Il sistema adottato richiede leggi e punizioni: è vietato anche il solo pensiero di uscire, l’esprimerlo ad alta voce equivale a una condanna a morte chiamata la Pulizia. Il colpevole viene espulso dal Silo con uno straccio in mano e la richiesta di pulire il vetro delle telecamere affacciate sul desolato mondo esterno, prima di essere ucciso dall'aria corrosiva.
Immancabilmente tutti i condannati eseguono il compito con entusiasmo, anche se favorisce soltanto i loro giustizieri. Perché?
Jules non ha mai pensato a questo durante gli anni passati nel Down Deep, i piani della sezione più profonda del Silo 18, fra i macchinari che ne assicurano la sopravvivenza.
Mantenere in funzione l’enorme generatore è lo scopo della sua vita, fino al giorno in cui è chiamata ad assumere un ruolo rimasto vacante in modo tragico e improvviso, quello di tutore della legge. Ovvero sceriffo, nella buona tradizione americana. Ben presto la giovane donna capisce che “c’è del marcio in Danimarca”:
“Qualcosa di grosso era andato fuori asse. E non aveva niente a che fare con il suo generatore”.
WOOL non significa “lana”: è l’acronimo di World Order Operation Fifty, in cui il numero cinquanta è indicato in latino. Il sospetto di una qualche devastante operazione di portata mondiale è fondato, perché la serie dei Silo firmata Hugh Howey ha una tipica ambientazione postapocalittica.
WOOL non è uno young adult: sebbene siano presenti personaggi anche molto giovani e alcune liaison sentimentali, il target è più largo. Si parla di problemi e situazioni che vanno oltre le pulsioni adolescenziali.

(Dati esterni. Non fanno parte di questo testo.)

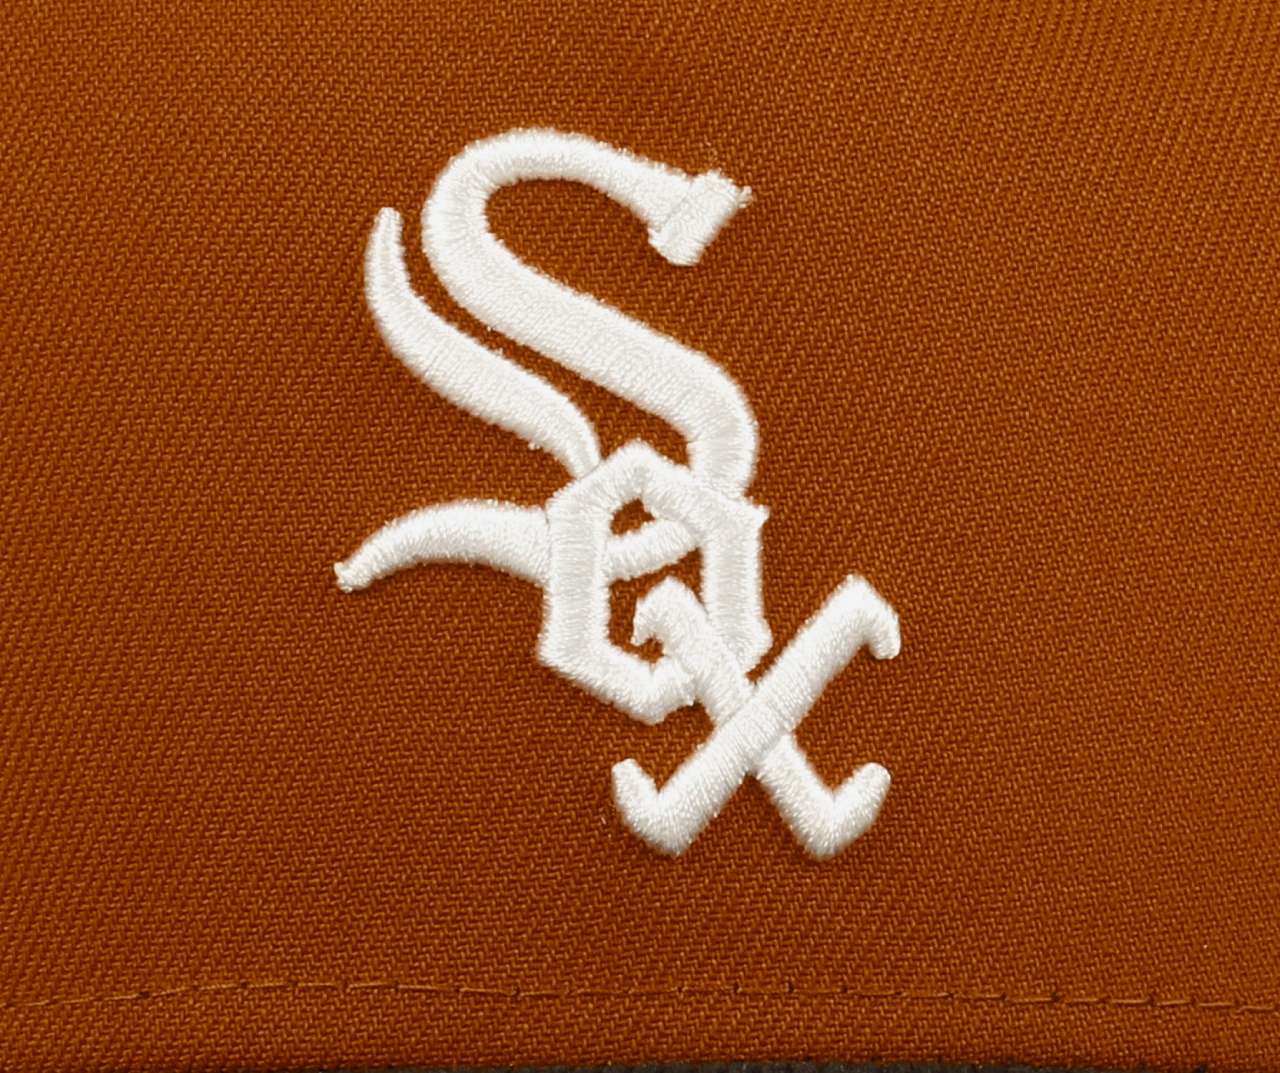 Chicago White Sox MLB Inaugural Year Sidepatch Orange Black Cord 9Forty A-Frame Snapback Cap New Era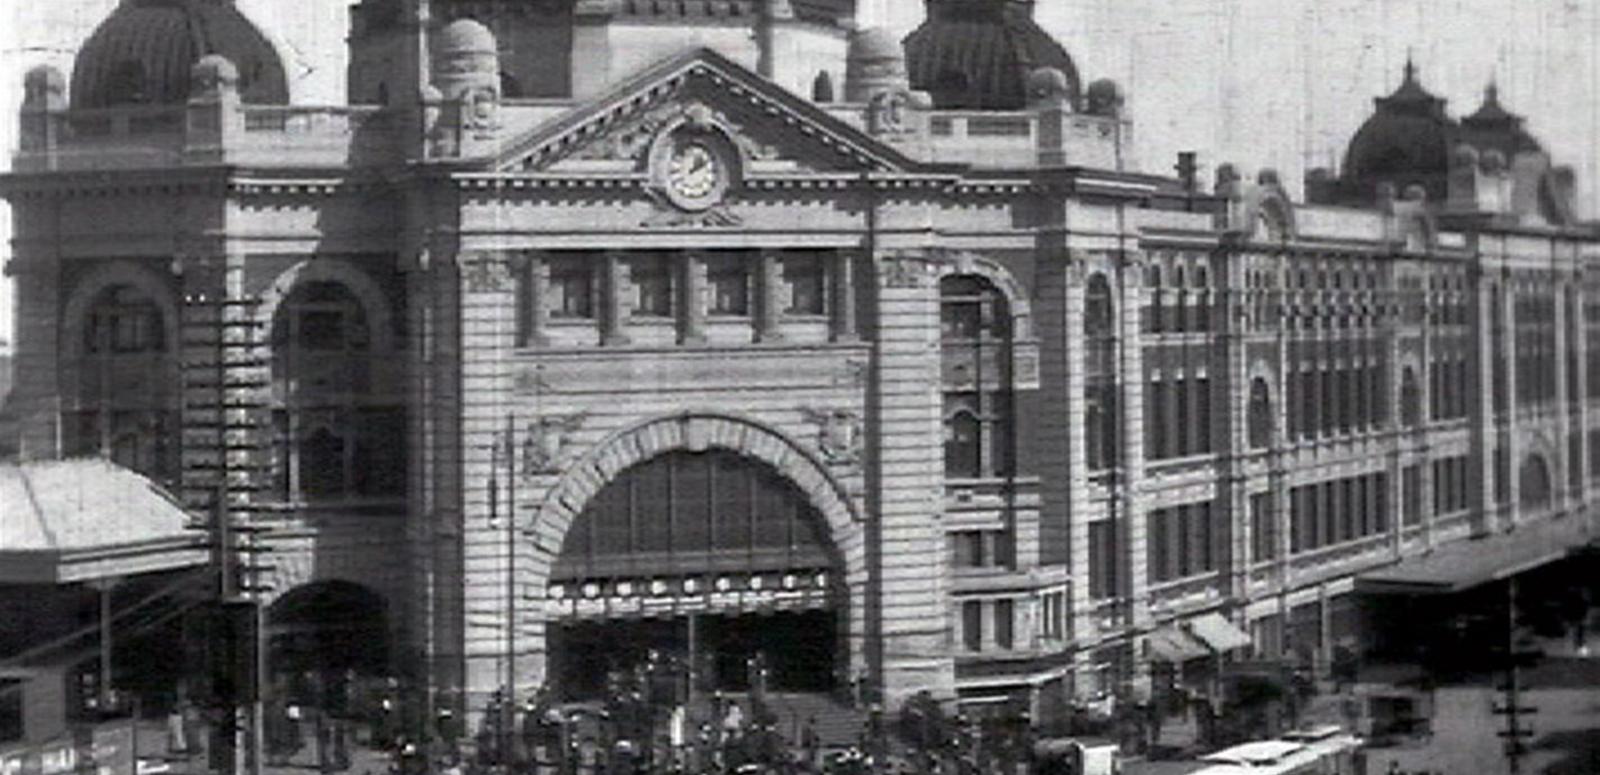 Flinders Street Station circa 1910

WOOL non propone un tema nuovo: la sopravvivenza dopo un'apocalisse (nucleare, batteriologica, da asteroidi, alieni, zombie, vampiri, cataclismi naturali e quant'altro’altro) è stata trattata in letteratura per lo meno a partire da La nube purpurea di M.P. Shiel (1901), se non da L’ultimo uomo di Mary Shelley (1826), e costituisce un genere ampiamente rappresentato in narrativa, cinema, tv, fumetti, giochi. Anche l’idea di fondo (la città sotterranea come rifugio) non è del tutto originale, basti pensare a La penultima verità di Philip Dick.
Vengono inoltre sviluppati stilemi classici, ovvero il viaggio pericoloso nella terra contaminata e la perdita della memoria storica: il passato è avvolto dall’oscurità, le cause che hanno prodotto la situazione esistente sono circondate da tabù e leggende.
Tuttavia, il romanzo di Howey costituisce un caso interessante nel panorama letterario attuale: autoprodotto e pubblicato su Amazon come racconto, ha avuto un successo di pubblico tale da indurre l’autore a proseguire e scrivere una trilogia, interessando le maggiori case editrici americane. La Silo Saga comprende attualmente Wool, Shift, e Dust, che conclude la storia. E non ha nulla in comune, a parte l'iniziale sistema di pubblicazione, con Le cinquanta sfumature di grigio e altri colori.
Qual è il segreto di questo successo? Sicuramente la capacità da parte di Howey di gestire la situazione con un'efficace e consistente operazione di autopromozione e marketing, ma questa è stata probabilmente l’avveduta reazione al montare dei consensi.
Ciò che i lettori sembra abbiano apprezzato è il modo in cui è costruita l’ambientazione: un microcosmo dove al posto della piccola città o del ranch di famiglia troviamo un rifugio sotterraneo che ospita non solo i superstiti dell’apocalisse ma anche la loro soap opera in salsa survivalista, ed è capace di enfatizzare i piccoli drammi della quotidianità quanto i grandi temi di giustizia, verità e libertà mediante uno scenario di per sé distopico.
In poche parole, Howey rende diverso qualcosa di già visto.
L’idea di una sopravvivenza umana sottoterra permette di creare una struttura sociale e abitativa articolata e "slittata" rispetto a quella che consideriamo "normalità".
Che tale struttura sia anche verosimile nei dettagli più tecnici è da stabilire ma, nel complesso, sta in piedi.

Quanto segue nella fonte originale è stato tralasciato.